Yes. So we're focused this year on what I would call, connecting the dots between our existing topics so that we can understand based on the work that we're doing with our member journey analysis that our data and engineering and product teams have been looking at to understand where can we create, we'll call it, filler pieces of content to connect our vast and deep library of content before we need to look at expanding into other verticals. That being said, we are also looking aggressively internationally to see if there's opportunity to bring in 500 or 1,000 native language titles in French or German or Spanish because we see the benefit of doing that based on how we grew our Spanish audience with a relatively efficient content spend, and then it allows you to go to market. And as Jirka already alluded to, the per subscriber acquisition costs in those new markets is significantly lower than it is in the U.S. because there's not so much competition.
Mark Nicholas Argento
That's great. And congrats on a solid quarter. It's fun watching you guys execute it.
And our next question comes from Peter Rabover with Artko Capital.
I think you answered most of my questions on the previous -- the previous one, but I'm just curious, what's your media budget for the rest of the year?
The content, again…is that what you're referring to?
Yes. Yes, yes. Sorry
Generally -- yes, that's okay. Generally, I would say Q1 is a little higher than other quarters just as we renew a lot of our ongoing shows. So generally, you could look at Q1 as being a reasonable proxy for the rest of the year as revenues continue to grow. So I think we're $4 million and change for Q1. So you could just annualize that.

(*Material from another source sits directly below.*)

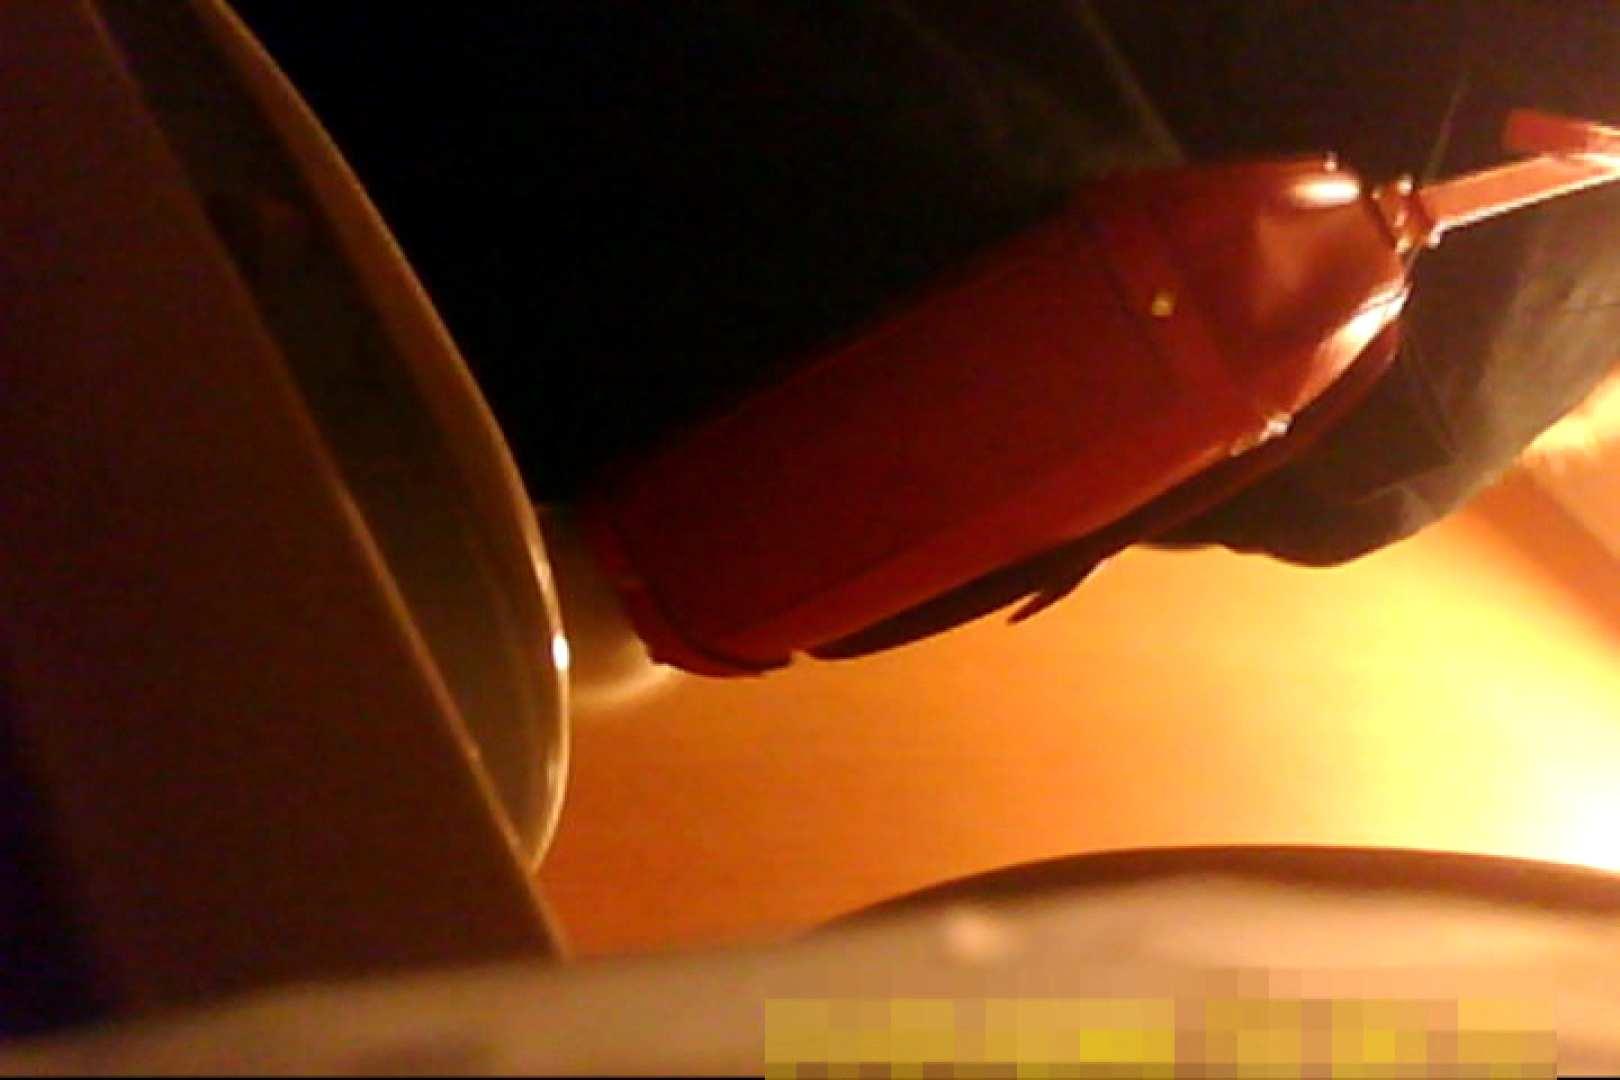 魅惑の化粧室~禁断のプライベート空間~vol.7 プライベート | 美女OL  110連発 41

And then do you have -- on the buyback, is there a price where you would buy more? Or do you guys have some sort of strategy with that?
No comment on the price. But I think I alluded to the strategy on Mark's question. It's really -- as we look at our internal analysis and understanding of what drives shareholder value, we want to make sure that we had something in place that we could take advantage of dislocations and pricing, whatever that may be. And it's not a static equation because it's also looking at what is our other investment opportunities on the horizon. Because with our cash flows from operations where they are, Q1 over $5 million a quarter, we have quite a bit of flexibility, particularly understanding that content investment is almost 100% discretionary from period to period for us to look at where we would want to put that incremental cash.
Great. Congrats on a good quarter.
At this time, this concludes our question-and-answer session. I'll now turn the call back over to Mr. Rysavy for closing remarks.
Well, thank you, everyone, for joining us, and we look forward to speaking with you when we will report our second quarter, somewhere in early August. Thank you very much.
Thank you. Ladies and gentlemen, this does conclude today's teleconference. You may disconnect your lines at this time. Thank you for your participation.